На гладкой спинке крестика было выгравировано полууставом «Спаси и Сохрани», что соответствовало действительности – его точно спасли и сохранили, но оберег ли он того, кто его кутал в душную сонную вату, пеленал в тонкий пергамент и зашивал в игольницу? – вряд ли. И когда были разогнуты две другие свившиеся между собой вещицы, когда они были мягко, но настойчиво распутаны, то они оказались золотыми шпильками, увенчанными шариками размером с очень крупную ягодку смородины, право, не больше.

Мама растормошила бабу Магду, и она, выплывшая из хаоса, как лодка из тумана, ясная и мудрая, к нашему удивлению, внятно сказала, что их прятала ее мать еще в тринадцатом году, когда они бежали от германской войны.
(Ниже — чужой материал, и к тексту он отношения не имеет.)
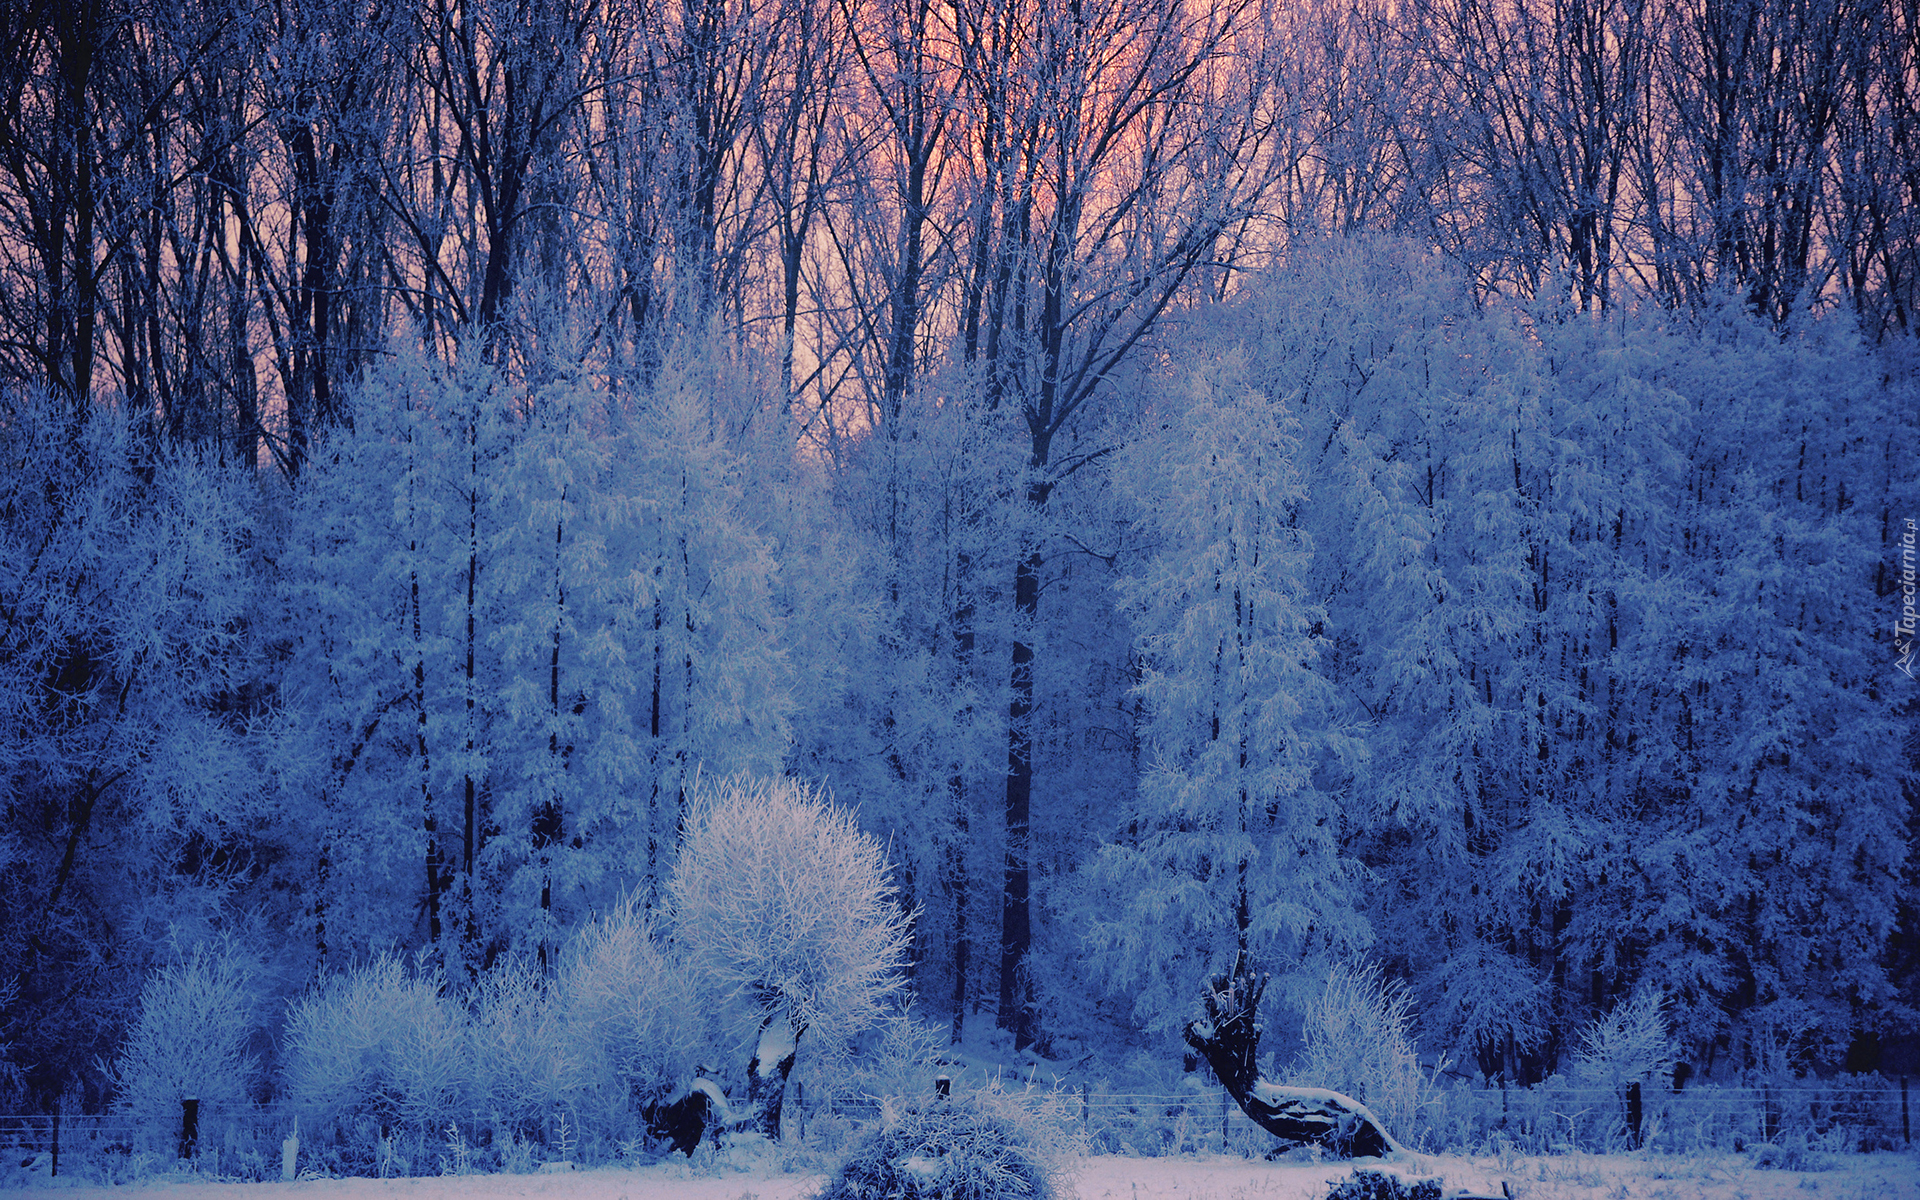 Фф и в морозном лесу я навеки. Зимний лес. Деревья в снегу. Деревья в зимнем лесу. Морозный лес.

И она об этом все время помнила, но никому-никому никогда-никогда не говорила, ведь все-все вокруг только этого-то и ждали-надеялись, она-то их всех насквозь видит (и меня с мамой тоже), а трудные времена брали всех в оборот не однажды...
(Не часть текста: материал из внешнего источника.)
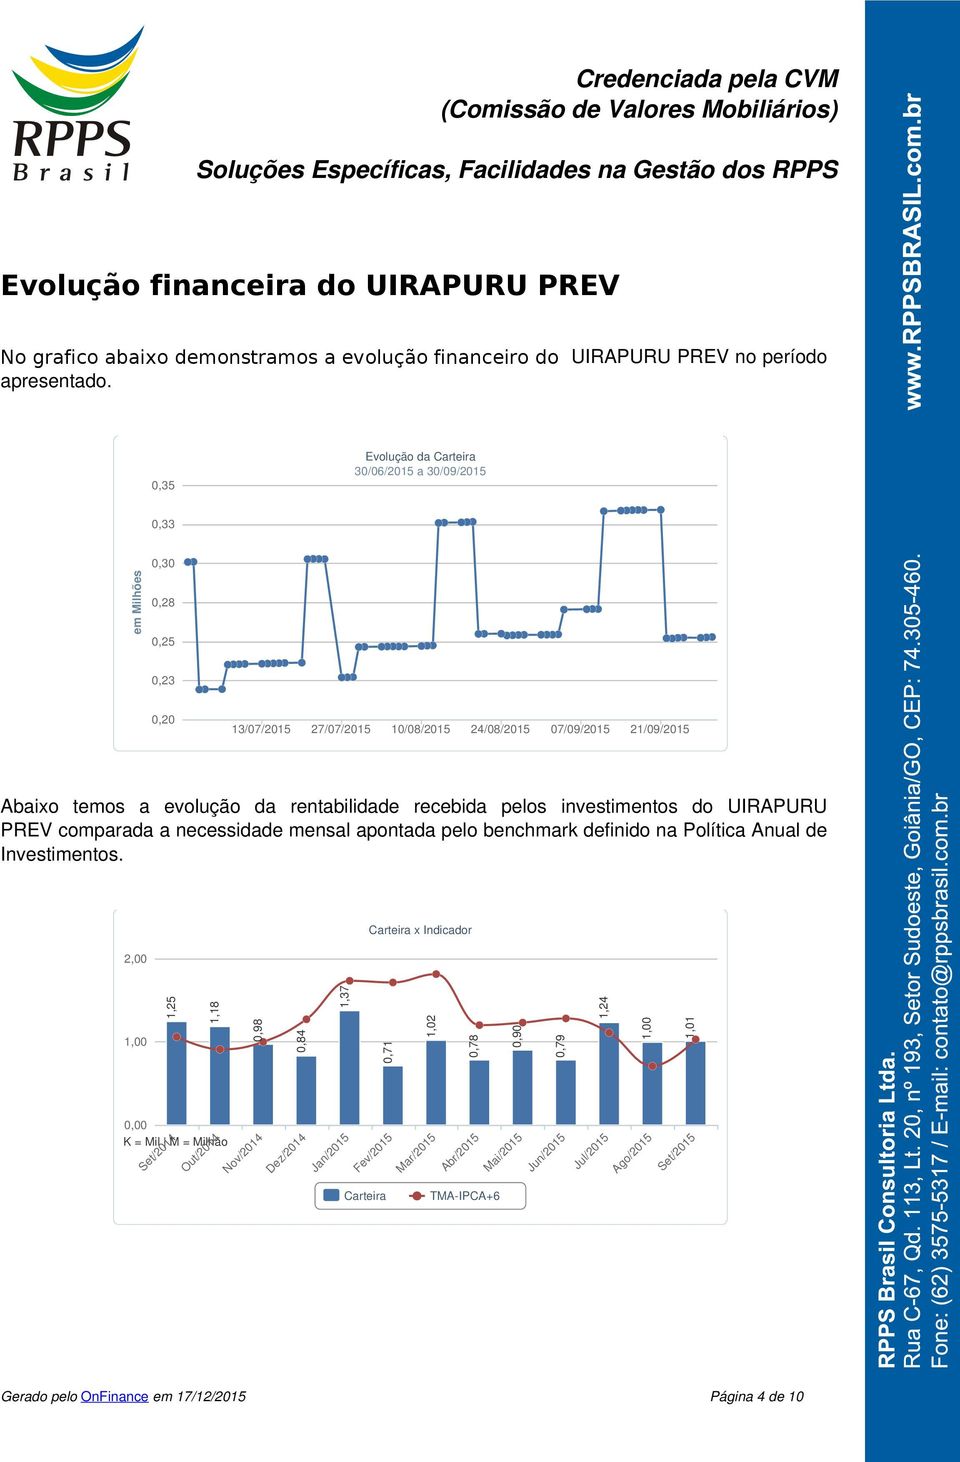 rentabilidade recebida pelos investimentos do UIRAPURU PREV comparada a necessidade mensal apontada pelo benchmark definido na Política Anual de Investimentos.

– Сколько раз по ним Торгсин плакал, – сказала без укоризны мама, так как укорять старую Магду после минутного прояснения было бесполезно.

Да и как она вообще выдержала, просидела весь день в углу, в ночной рубашке, тихая и белая, как моль, отказывалась одеваться, есть, говорила, что видит «прыгунов» на той стороне улицы, что не поедет на кладбище, хотя ее никто и не собирался туда вообще-то брать, так как ее непременно живую засыплют землею болотной в могиле вместе с Лизочкой, и у тети Муси хватило, Боже мой, ума сказать: «Что вы, ну зачем вы наговариваете, – там сухая глинистая почва», – чем повергла уже меня в полное умоисступление, и хватит об этом.

Ну...

Так вот, оказывается, эта золотая, высокой, как я рассмотрел на их брюшинах, пробы чепуха жила с тринадцатого по восемьдесят ... год умозрительной, невещественной монадой в дрянной, пакостной большой игольнице, по которой ночью скакали молодые тараканы, покоилась упоительной тенью денег, не спасших никого, не потраченных ни на еду, ни на взятку, хотя были, сколько раз случались поводы, и не только проесть, и сунуть, и послать, ах, да что там говорить...

– М-мда, – сказала на миг помрачневшая мама.

И все-таки эта маленькая золотая находка привела все в доме в судорожное движение, засверкала в конце концов ласковым зыбким приветом откуда-то очень издалека.[8]

Моя мамочка белкой метнулась к платяному шкафу, к зеркальной створке, чья холодная поверхность была еще занавешена простыней, она резко отогнула ее анемичный, не сопротивляющийся край, сдернула, стянула и театрально сорвала в конце концов всю тряпичную завесу, сбросив на пол при этом резком движении пудовый желтый том Детской энциклопедии, удерживавший ткань, и этот хлопок уже никого не мог хоть как-то уязвить и задеть, ведь хватит, в конце-то концов, некому, кроме нас, в этих зеркалах отражаться, и почему, скажите, не показаться, отразившись в гладком прекрасном глубоком зеленоватом стекле зеркала, лишь немного исчирканном – ну так, самую малость, – когда-то, на высоте моего детского роста, всякими металлическими царапками; отчего же ей не вонзить, высоко закинув руку, – еще свежей, в сущности, свежей вполне женщине – в валик, в трудно скатываемый валик своих коричнево-рыжих химических кудряшек, которых не берет из-за обилия седины хна, не вонзить туда чуть пока-чи-ива-аясь в ритме-тьме-тма-тмо-та-та таан-гоо утомленааэээ солнце, простите, золотые шпильки?